Salmon Jr/Sr High School is a public high school located in Salmon, Idaho. Salmon High School is a part of the Salmon School District #291.

==Extracurricular activities==
Extracurricular activities offered by the school include FFA, Travel Club, Natural Helpers, National Honor Society, Robotics, student council, pep band, and Key club. School-supported programs include wrestling, football, basketball, cross-country, track & field, baseball, softball, golf, volleyball, cheer, ice hockey, and rodeo.

The Nep & Mary Ellen Lynch Center, known locally as The Lynch Center, opened in May 2021. This $5 million facility is the primary gym at Salmon High School for basketball, volleyball, and wrestling.

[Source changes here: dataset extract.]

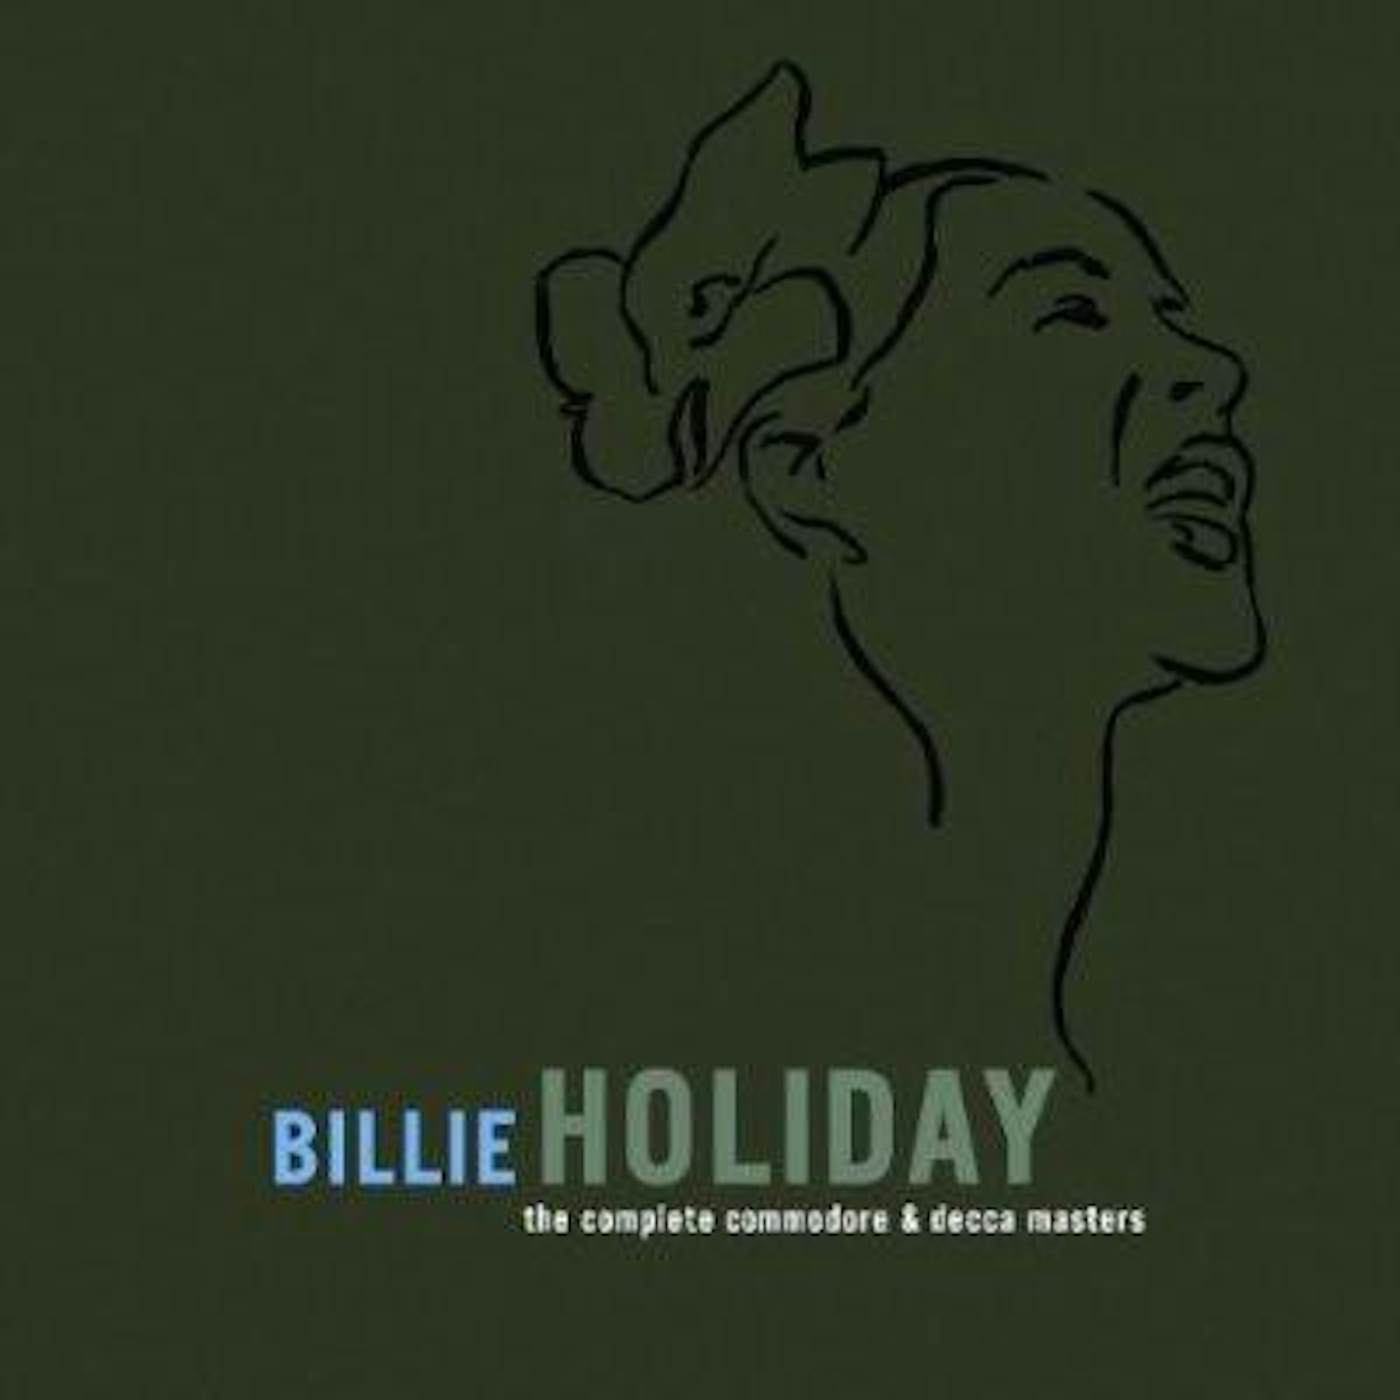 Billie Holiday COMPLETE COMMODORE MASTERS Vinyl Record - Brown Vinyl, Colored Vinyl, 180 Gram Pressing

==Graduation requirements==
In order to receive a diploma from Salmon High School, students must maintain a "C" average (a 2.0 GPA) in core subjects. The number of credits required varies between graduation years, currently ranging from 46 to 50. In addition, students who entered 9th grade on or after the Fall of 2009 must take either the ACT, SAT, or COMPASS college placement test. The same group of students must complete a senior project.

==Mascot lawsuit==
In 1999, the Salmon School Board was threatened by the National Coalition on Racism in Sports and the Media with a $100,000 lawsuit if they did not change the schools mascot, the Savages. Members of the coalition stated that Native American mascots were derogatory especially since the name was Savages. The school board ultimately chose to get rid of the logo featuring a Native American head but retained the Savages name. The current logo is a nod to grizzly bears in the nearby Salmon-Challis National Forest.